During the first week of June we took a canoe trip to the wild area north of Lake Superior and outfitted with Gun Flint Lodge.

There were 8 of us in three canoes: Jack, John, and Dave and Zeke Zenner and his three boys, Guy, Mark, and Dain. The campsites were already established as this was a common canoe trip route. Nonetheless, it was rugged enough for the young kids. The fishing was fantastic! We caught pike, lake trout, small mouth bass and plenty of big walleyes. Jack landed the biggest walleye I had ever seen before or since, weighing in at 12 to 13 lbs but there were a number of others in the 4 to 7 lb class.

At the conclusion of that trip, Jack asked if John and I would like to stay another few days. Answer, Yes. We resupplied and headed out for exploring some different and off the beaten path lakes. We fished Ogiskemunche, Jasper, Kingfisher and Rice. The portage into Rice was so overgrown that I had to force the canoe I had on my shoulders through the brush and collect swarms of mosquitos under the canoe. We caught some rainbows in there and bass, walleyes and lake trout in the other lakes.

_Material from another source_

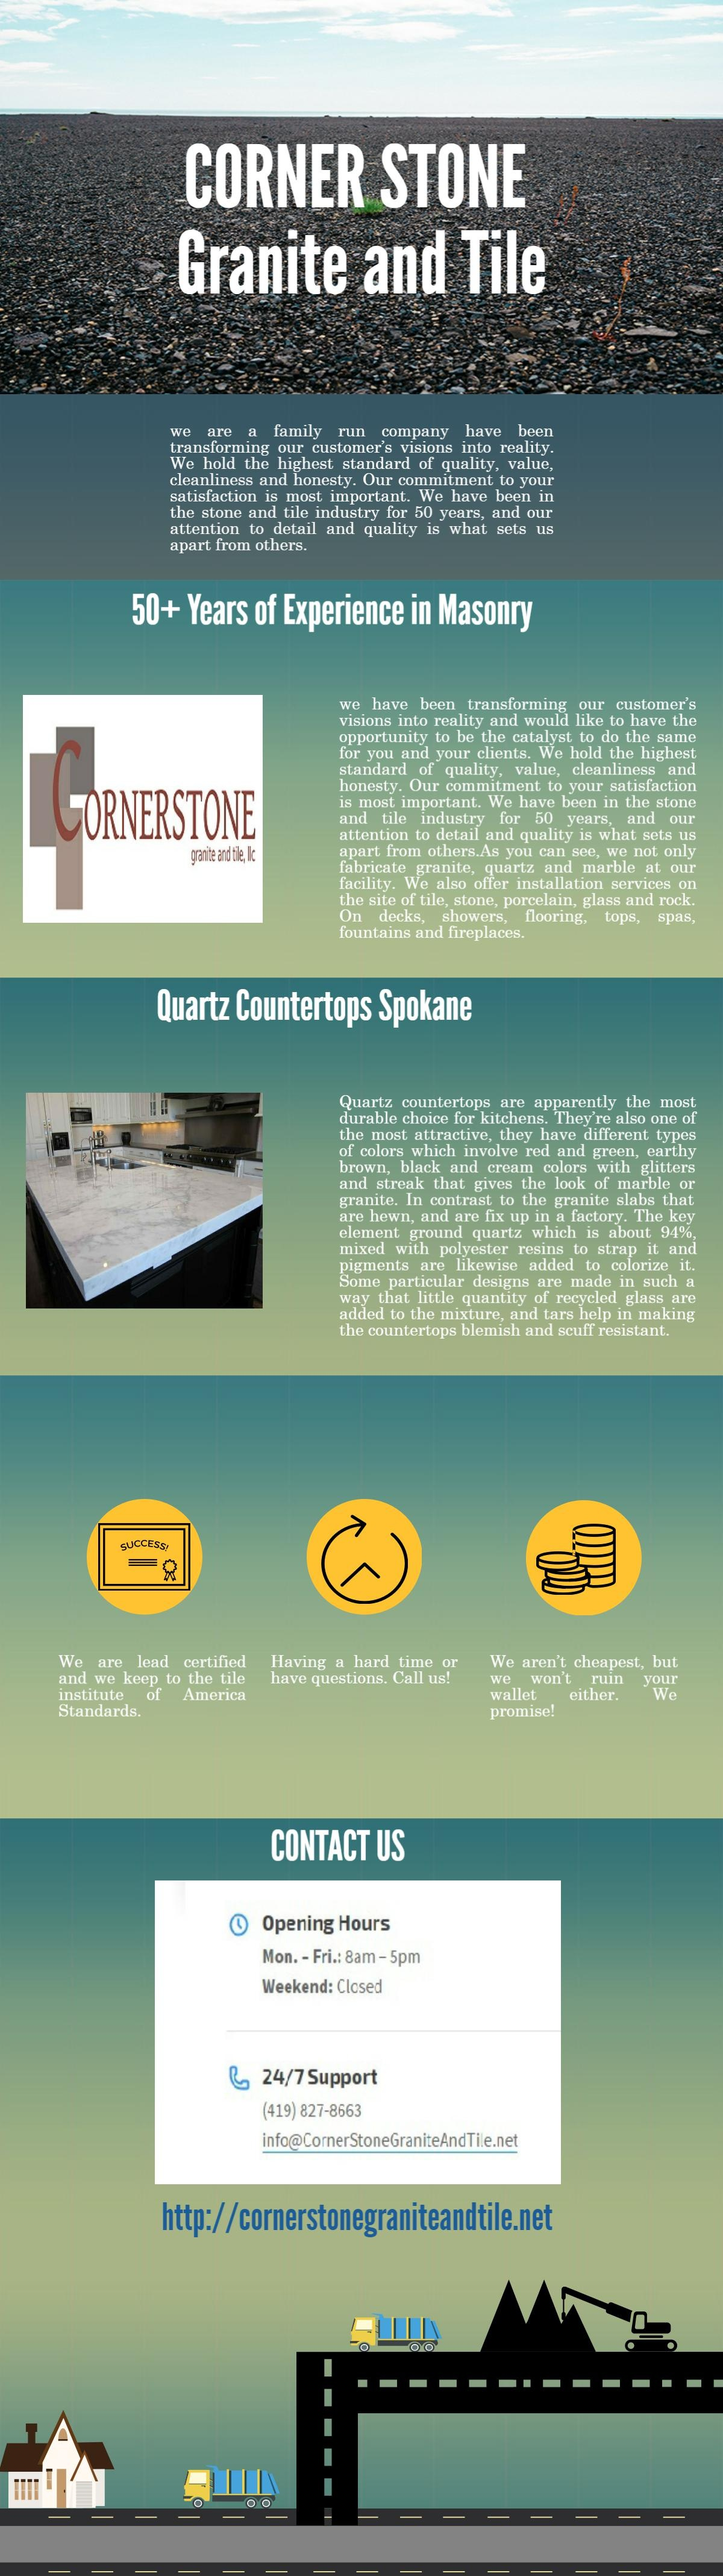 Granite Countertops Spokane Http://cornerstonegraniteandtile.net/

By the time we got back the baby hawks were nearing the day that they would leave the nest so we decided it was time.  We knew that mama and papa hawk were not going to be thrilled with me swiping one of their chicks so I bundled up with a canvas rain jacket with towels across my shoulders underneath. I wore a hard hat held in place by the hood of the rain jacket. The climb up the tree would be tricky because for the first 35 feet or so there were no branches and the tree was pretty thick.  Fortunately, I never gave much thought to falling.  The hawk parents were repeatedly dive bombing me and screeching although they never actually hit me.  I grabbed a chick and dropped him into the bushes below.  He spread his wings to break his fall and he survived.

We put him on a perch we had built out in the yard and started to feed him chipmunks.  As he grew and the chipmunk population declined we switched to stew beef.  We knew little about training a hawk but constructed a lure that we would swing around and reward him when he attacked it.  Since he was not restrained to the perch he eventually flew up into the surrounding trees and the training program stalled.

We had other things to think about as we started planning a trip in August to an area outside of Lac Du Bonnet, Manitoba, located about 90 miles north of Winnipeg. Cold Spring Granite had a quarry and factory there. Jack ordered two fiberglass canoes and had them shipped to the plant. (We’d used aluminum canoes at Gun Flint and they were too noisy.)

As the weeks passed, we got more serious about planning for the trip. First, we got maps and aerial photos of the area where we planned to go. The photos we laminated in plastic with a piece of cardboard. These were more detailed than the map.

The plan was for John and me to go in to the area the first ten days and then Jack would fly in and meet us at Trapline Lake. He would bring David and a second canoe, plus enough food for the four of us for an additional ten days. This was going to require some careful planning and since it was a lengthy trip and we had to carry everything over portages, we couldn’t take a lot of excess gear.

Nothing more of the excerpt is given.